Droits de douane. S'il est parvenu à s'entretenir avec Donald Trump sans « le fâcher » (pour l'instant, précise-t-il avec un sourire), il évoque les différends commerciaux que les États-Unis entretiennent avec de nombreux pays et, côté local, les « effets néfastes d'une politique industrielle sectorielle ». En parallèle, les accords bilatéraux avec la Chine sont en phase de renégociation accélérée ; une dynamique qui n'est peut-être pas sans lien avec l'annonce d'accords similaires avec l'Inde. Il rappelle que 85 % du commerce mondial s'effectue dans le cadre des règles de l'OMC, qui continue pourtant de considérer la Chine comme un pays « en développement » —une réforme attendue de longue date.
Pas de Suisse à dix millions ? Le Président rappelle que le Conseil fédéral « défend le point de vue du Parlement », pour lequel le texte est « trop rigide ». Sa réponse sur l'absence de contre-projet se veut technique et institutionnelle : il ne voit « pas de besoin de changer de système ».

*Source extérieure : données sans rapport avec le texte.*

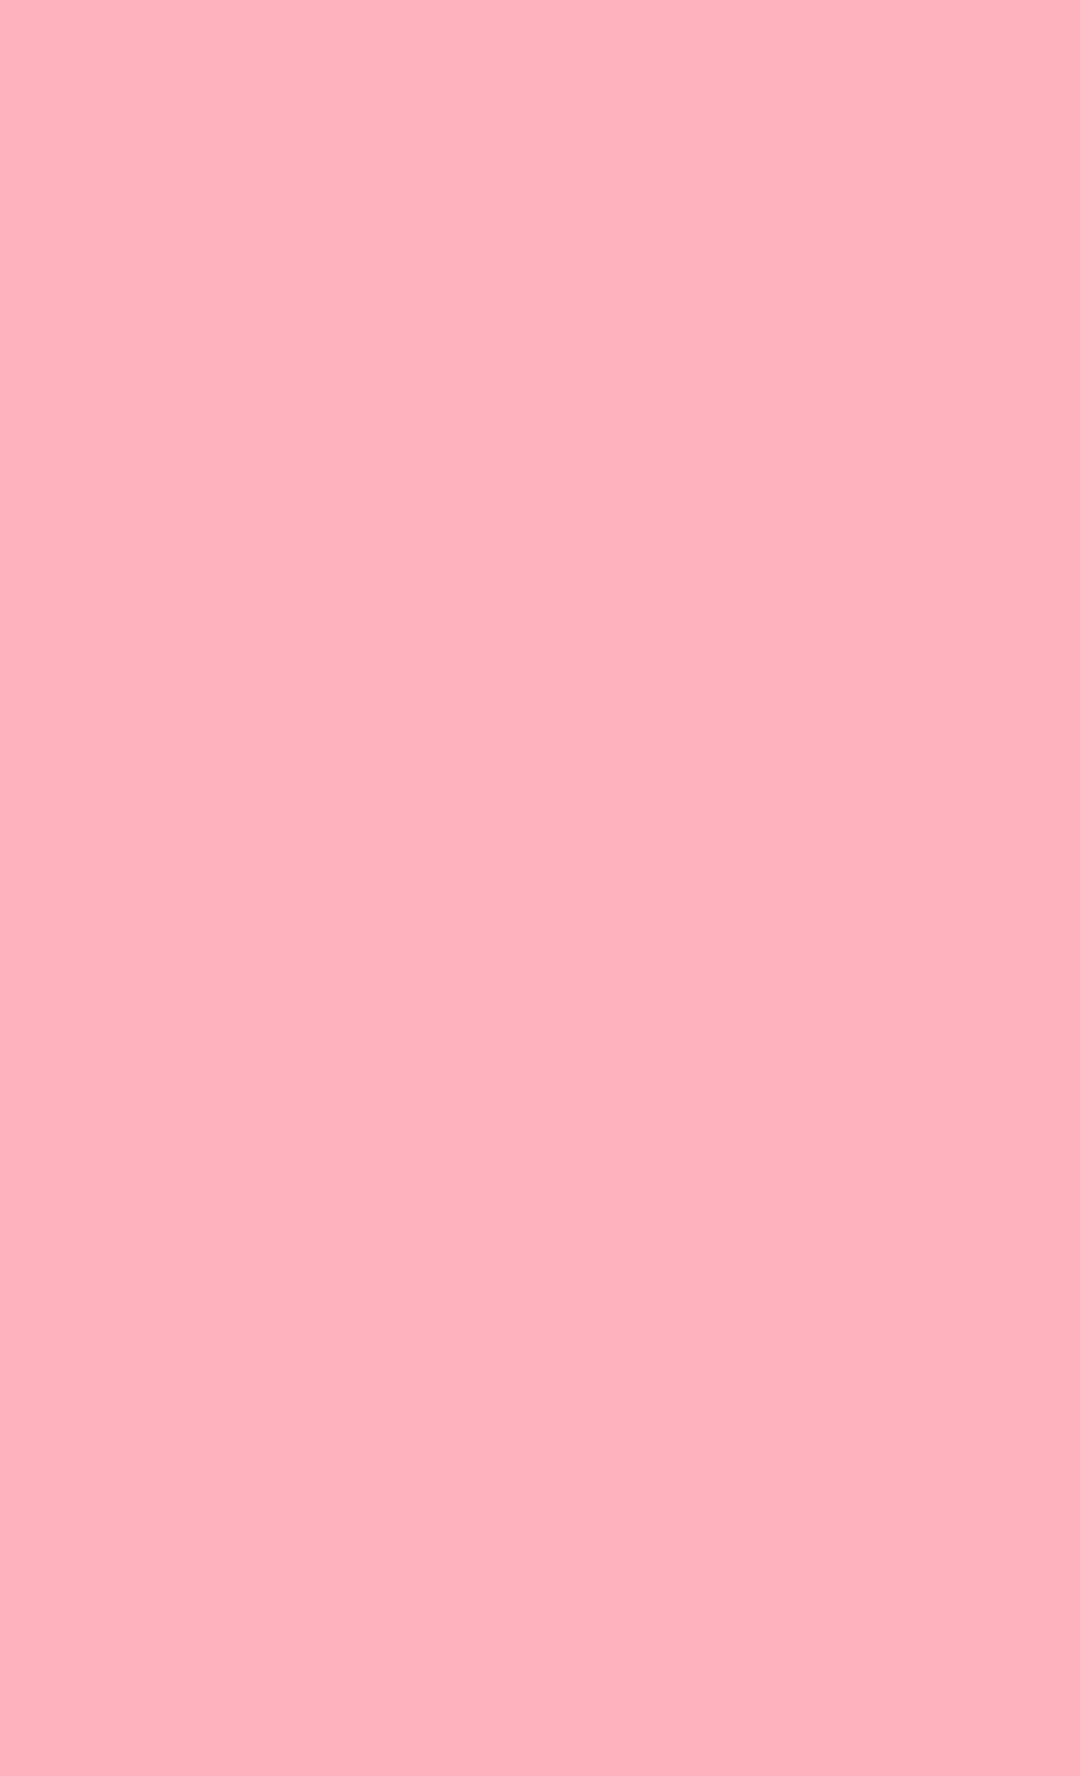 Pin oleh Shifa bilal di solid colour | Papan warna, Palet warna, Warna

Journalisme et médias. Il reconnaît une pression croissante sur le métier, avec des rédactions qui ferment ou réduisent leurs effectifs. Quant à son rapport aux médias, il prône la transparence et l'effort « d'être présent ». Néanmoins, « loi sur la transparence » irait toutefois trop loin, mettant en péril certaines négociations. Il s'agit donc de trouver en permanence « un équilibre entre l'intérêt supérieur de l'État et la transparence ».Dans un second temps, le Président a échangé directement avec les journalistes et le public autour d'un verre et d'un cocktail déjeunatoire. J'en ai profité pour lui poser une question sur la désinformation.

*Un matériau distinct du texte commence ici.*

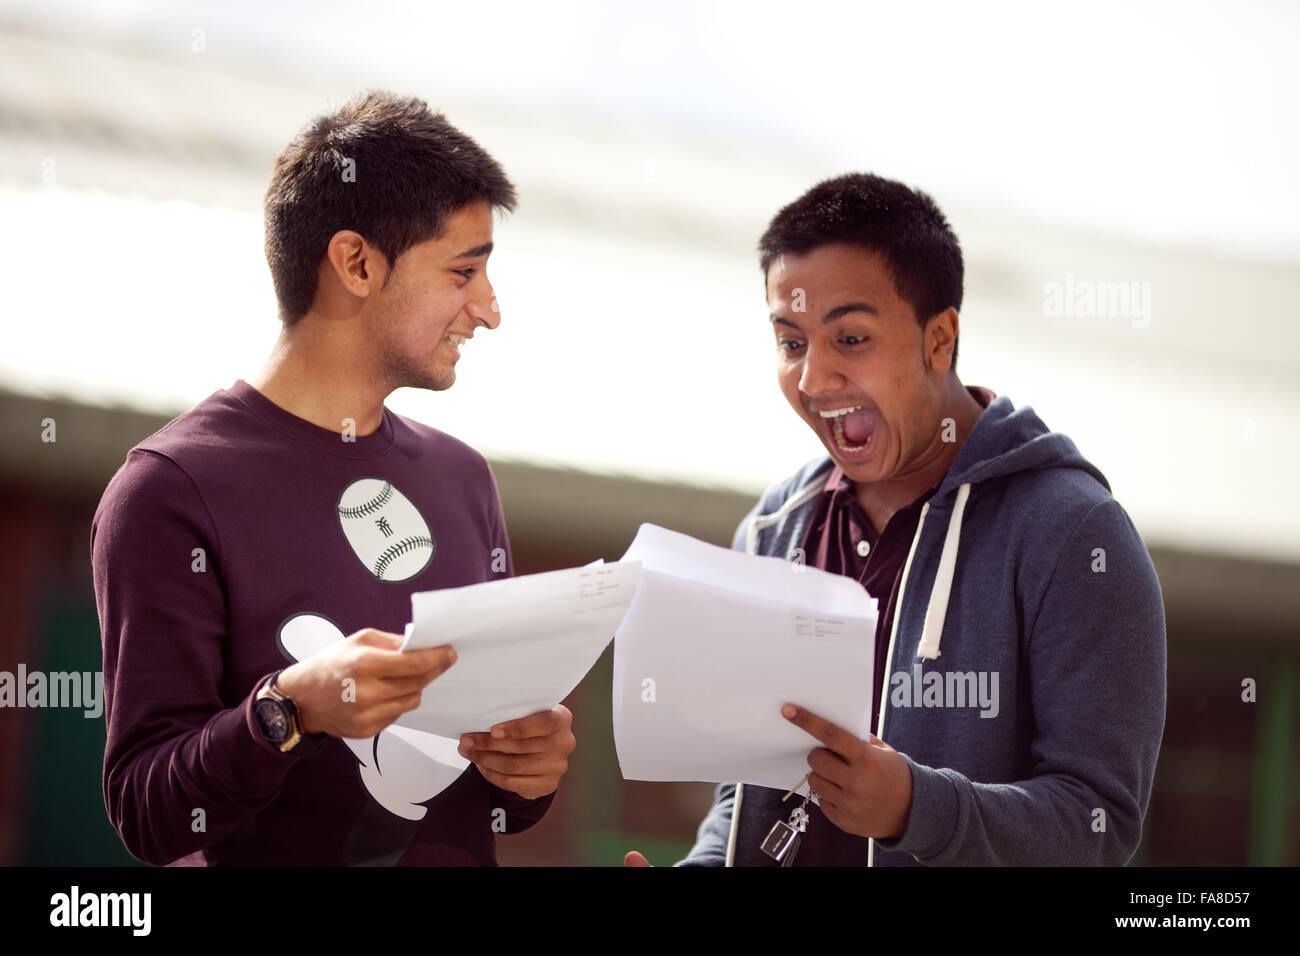 GCSE führt an Stretford High School, Stretford, Manchester. Stockbild

Désinformation : la Suisse relativement épargnée ? Lors des échanges informels, j'ai abordé les dangers de la désinformation ainsi que la position du Conseil fédéral. Sa réponse m'a quelque peu surpris : les Suisses seraient bien informés, capables de distinguer le vrai du faux.
L'argument a sa part de vérité, mais une enquête de l'Université de Zurich révèle que près d'un Suisse sur deux considère la désinformation comme un problème majeur. À l'échelle européenne, le Global Risks Report 2026 du Forum économique mondial classe la mésinformation et la désinformation au deuxième rang des risques mondiaux sur deux ans. Quant aux jeunes, selon un Eurobaromètre Flash de 2025, 65 % des 15-24 ans font des réseaux sociaux leur principale source d'information (un terrain particulièrement fertile pour la confusion entre fait et opinion).
M. Parmelin a mentionné des vidéos falsifiées liées à la votation sur l’initiative « Pas de Suisse à 10 millions », détectées et retirées. Le Conseil fédéral a lui-même reconnu, dans un rapport de juin 2024, que les opérations d'influence ciblent « de plus en plus directement la Suisse ». La question d'une stratégie fédérale robuste reste ouverte, et mérite un suivi.